In 1986 Gürsoy participated in a ceramic competition judged by Ahmet Şahin that earned him a prize of one million lira for his showcase of a plate, vase, and panel of tiles. The following year in collaboration with four other potters he established İznik Çini. Gürsoy was criticized for naming his atelier after the city of Iznik but asserted that “Iznik” designated artistic excellence in the course of Ottoman pottery, which he sought to recapture in his own work. While initially adhering to the strictures of sixteenth-century Iznik, Gursoy prudently experimented with his designs—augmenting the classical palette by developing a new green and coral red—in order to imbue his art with an identifiably modern Kütahya aesthetic that equaled and eventually surpassed, in artistic merit the old archetypal tradition.

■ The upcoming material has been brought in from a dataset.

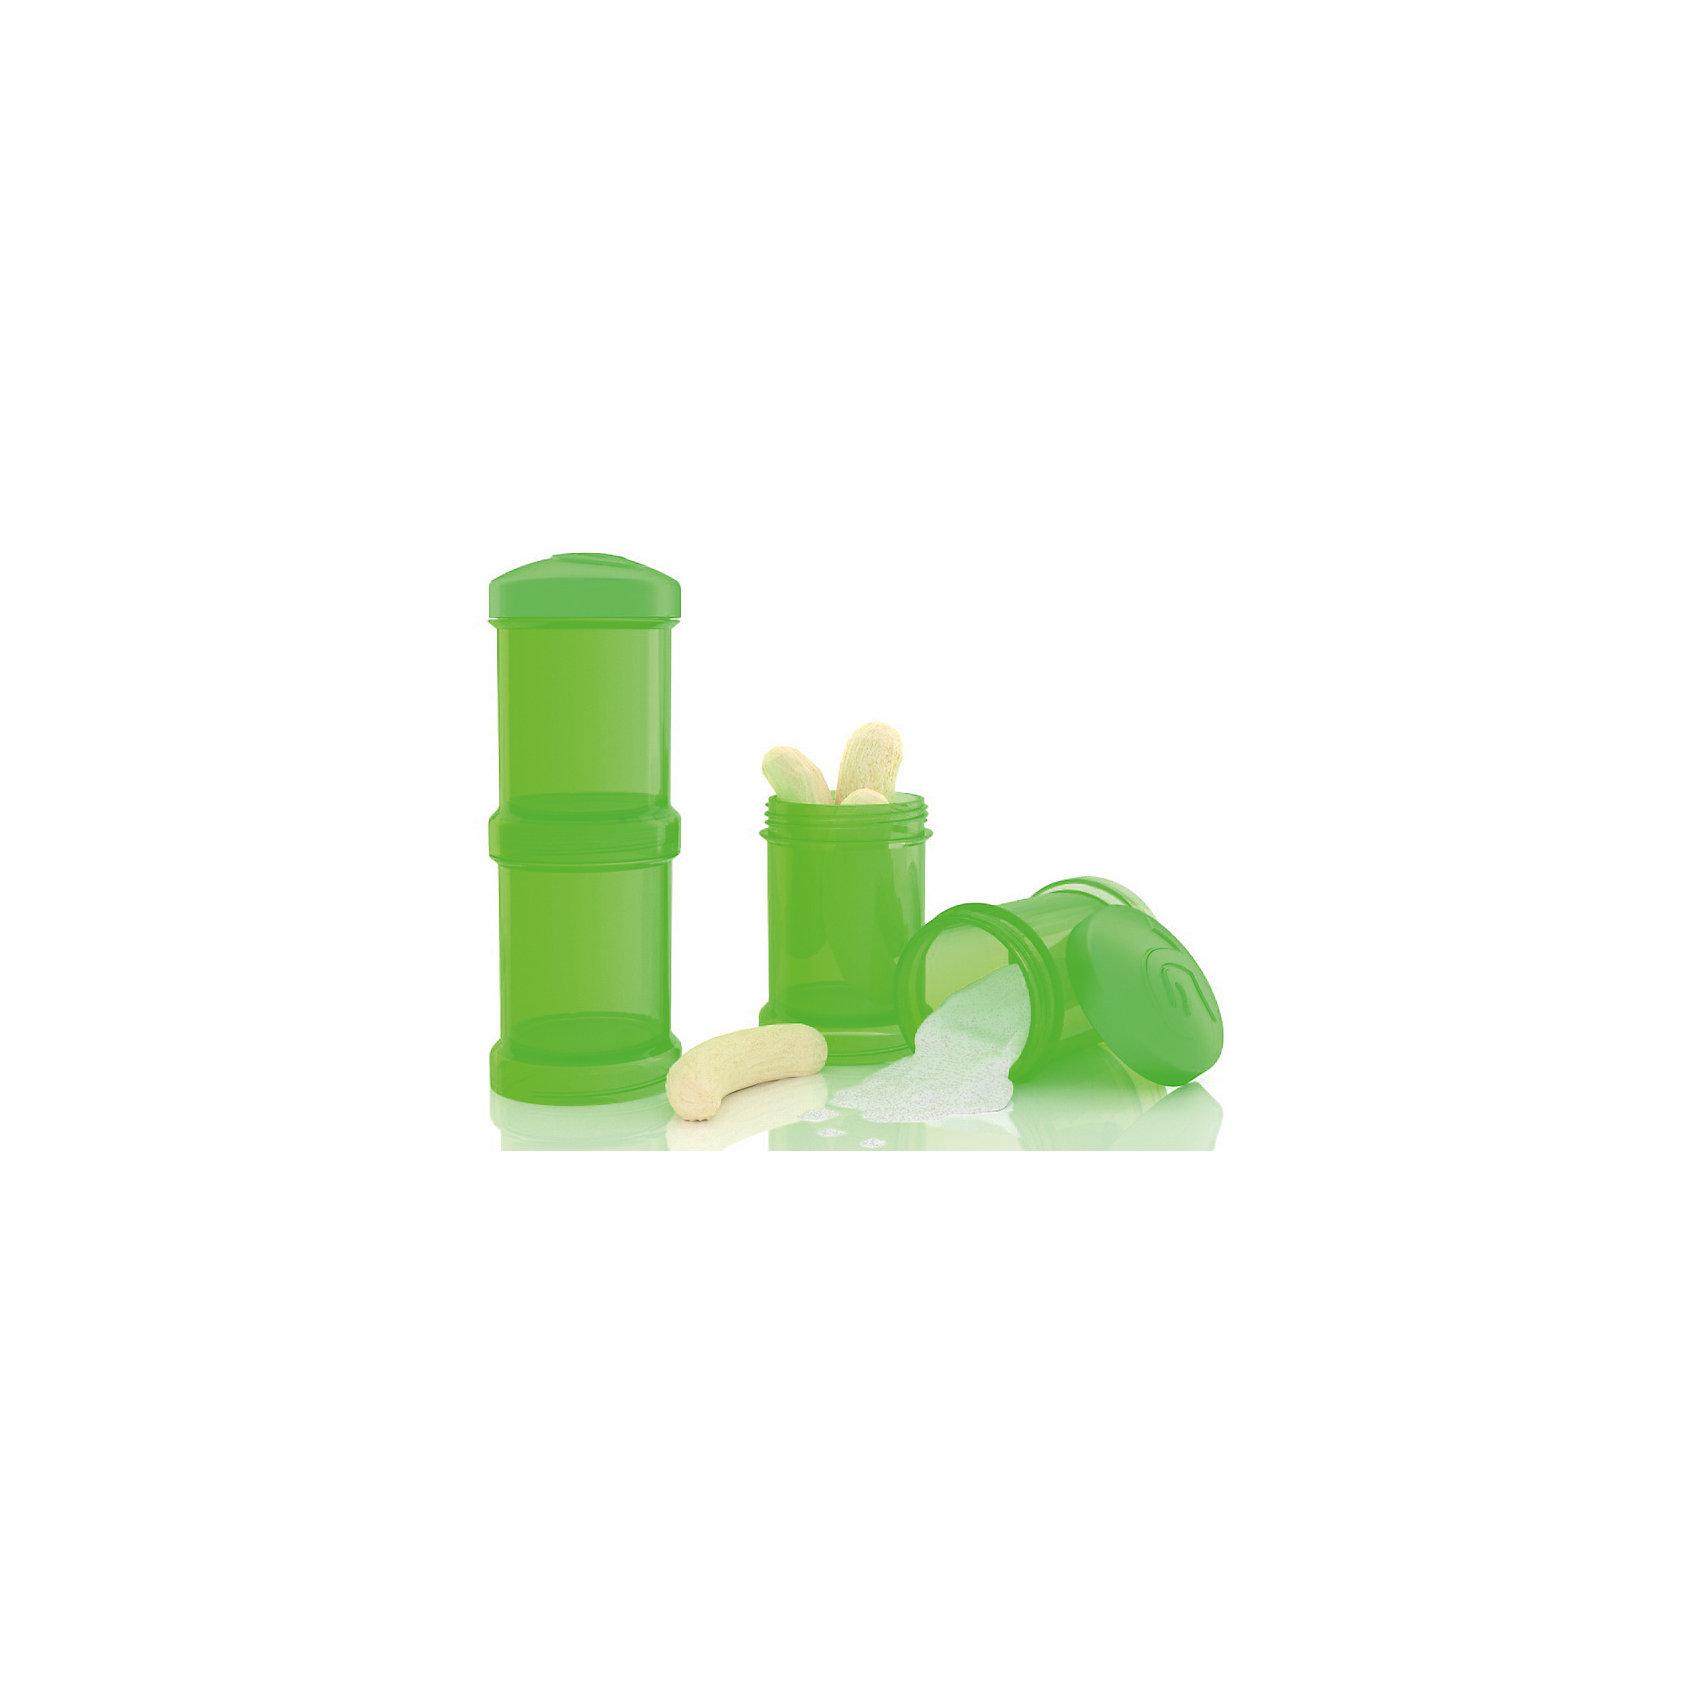 Контейнер для сухой смеси 100 мл. 2 шт., TwistShake, зелёныйПосуда для малышей<br>Контейнер для сухой смеси 100 мл. 2 шт., зелёный от шведского бренда Twistshake (Твистшейк), придет по вкусу малышам и современным родителям. Эти контейнеры прекрасно подходят для хранения детской смеси и оптимальны в использовании, их горлышко меньше горлышка любых бутылочек Twistshake (Твистшейк), потому позволяют пересыпать смесь без просыпания. Контейнеры также подходят для хранения каш, фруктов, сухофруктов, печенья или других необходимых на прогулке или в дороге продуктов. Материал контейнеров не содержит бисфенол А. Удобная форма горлышка обеспечивает доступ к полной промывки контейнера, можно стерилизовать как холодным, так и горячим методами. <br><br>Дополнительная информация:<br><br>- В комплект входит: два контейнера по 100 мл. <br>- Состав: 100% пропиллен<br><br>Контейнер для сухой смеси 100 мл. 2 шт., TwistShake, зелёный можно купить в нашем интернет-магазине.<br>Подробнее:<br>• Для детей в возрасте: от 0 лет <br>• Номер товара: 4976059<br>Страна производитель: Китай<br><br>Ширина мм: 55<br>Глубина мм: 55<br>Высота мм: 150<br>Вес г: 75<br>Возраст от месяцев: 0<br>Возраст до месяцев: 36<br>Пол: Унисекс<br>Возраст: Детский<br>SKU: 4976059

Today Gürsoy is the sole master of İznik Çini after the original partnership dismantled; he continues to work ambitiously and is arguably the most prolific contemporary ceramicist in Kütahya. A learned teacher, he welcomes into the İznik Çini family young talent whose artistic development he constructively and amicably nurtures.

Global in his mindset for worldwide recognition of Kütahya çini, Gürsoy has participated in numerous national and international venues celebrating arts and culture, notably the Smithsonian Folklife Festival in 2002. He was awarded in 2009 the UNESCO Living Human Treasure Prize.